For those wondering, since CockroachDB is not mentioned by name here, the post [1] from the same author on his own site does explicitly mention CockroachDB.
"However, (unlike Google Spanner) CockroachDB does not wait for the maximum clock skew bound to pass before committing a transaction. Therefore, it is possible in CockroachDB for a transaction to commit, and a later transaction to come along (that writes data to a different partition), that was caused by the earlier one (that started after the earlier one finished), and still receive an earlier timestamp than the earlier transaction."
Cockroach Labs themselves freely admit CRDB allows for causal reverse anomalies [1], and Kyle reproduced it in his Jepsen analysis [2].
HLCs don't prevent causal reverse, because they don’t guarantee message exchanges synchronously happen across nodes between transactions. Which most HLC implementations piggy back on to properly advance the HLC on each node.
I don’t know of an article describing it offhand. The issue arises where each transaction occurs on a different node or set of nodes, and the causal link between them is external to the dbms. In this case, it’s possible for each transaction to independently commit without the necessary message exchanges to ensure their HLC based timestamps correspond with their causal order. In other words since the client doesn’t participate in the HLC scheme, it breaks the causal chain and can allow an HLC-based system to assign out of order timestamps.
This is hinted at in the HLC paper but it’s not very clear: Section 2 limits the definition of “happens before” to only apply to events which occur on the same node or after a message is received from another node.
Isn’t that just describing reintroducing waiting out the uncertainty window in order gain back external consistency? I’m not sure that ends up being substantially different from TrueTime.

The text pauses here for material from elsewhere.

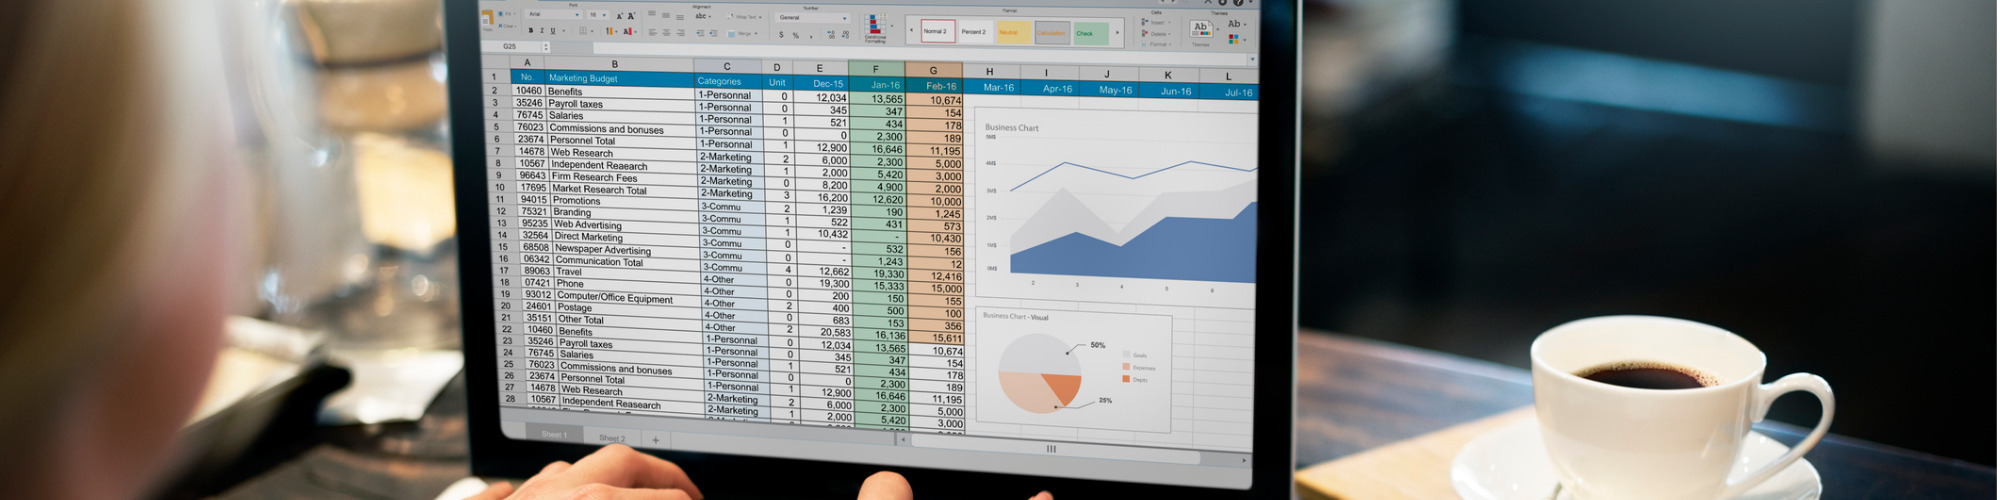 Excel for Professionals - All the Essential Skills Needed to Advance

Yeah, that's why I was asking. I've seen some various comments about the details of this but nothing definitive. I'm hoping when I have the mental bandwidth to sit down and go through the TLA proofs of HLC I'll fully grok it.
One immediate difference between TrueTime and HLC springs to mind though: TT knows the clock ambiguity when the timestamp was generated, HLC does not. So in practice I think TT may see much shorter wait intervals, than HLC which would have to conservative wait out the maximum clock drift estimate allowed.
A skim through the cdb source is consistent with this. It looks like when they hit a read/write conflict where the write has a non-zero logical component in it's HLC stamp, then they wait out any remaining portion of the ambiguity window. Since the max offset is around 400ms, that seems like it could hurt pretty bad under contended writes.
I think HLC would get more interesting if the stamps were extended with the ambiguity interval at stamp time.
I think they solve this with throwing an error and having the caller issue a retry and subsequent retries are issued with a higher priority so that the retried query is more likely to succeed. Whether or not this is good or bad or ideal or not I don't know.
This is Dan Abadi we're talking about. More importantly, the points he makes are important, clear and true. If that causes heartburn for Vendor A and pride for Vendor B, that's secondary. The primary goal is to help users of distributed database systems understand the kind of trouble they can encounter with anything less than strict serializability.
NB: there are important applications where correctness in specific situations is not paramount. Double-click and ad-serving companies in general are more concerned about speed and throughput and are generally willing to have approximate correctness. Strict serializability isn't a universal value, but it's good to know about when you DO care about the kinds of anomalies Dan illustrates.